___ SOURCE INFORMATION ___
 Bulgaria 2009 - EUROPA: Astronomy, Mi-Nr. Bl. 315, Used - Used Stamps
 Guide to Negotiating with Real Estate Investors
___
___ SOURCE INFORMATION ___
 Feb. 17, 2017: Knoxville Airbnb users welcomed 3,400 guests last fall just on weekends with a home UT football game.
___
- **YOUR TASK**: Take from the material above the lines running from the one with "Bulgaria 2009 - EUROPA: Astronomy, Mi-Nr." through the one with "Guide to Negotiating", and repeat them exactly, with nothing else.

- **YOUR SOLUTION**:
 Bulgaria 2009 - EUROPA: Astronomy, Mi-Nr. Bl. 315, Used - Used Stamps
 Guide to Negotiating with Real Estate Investors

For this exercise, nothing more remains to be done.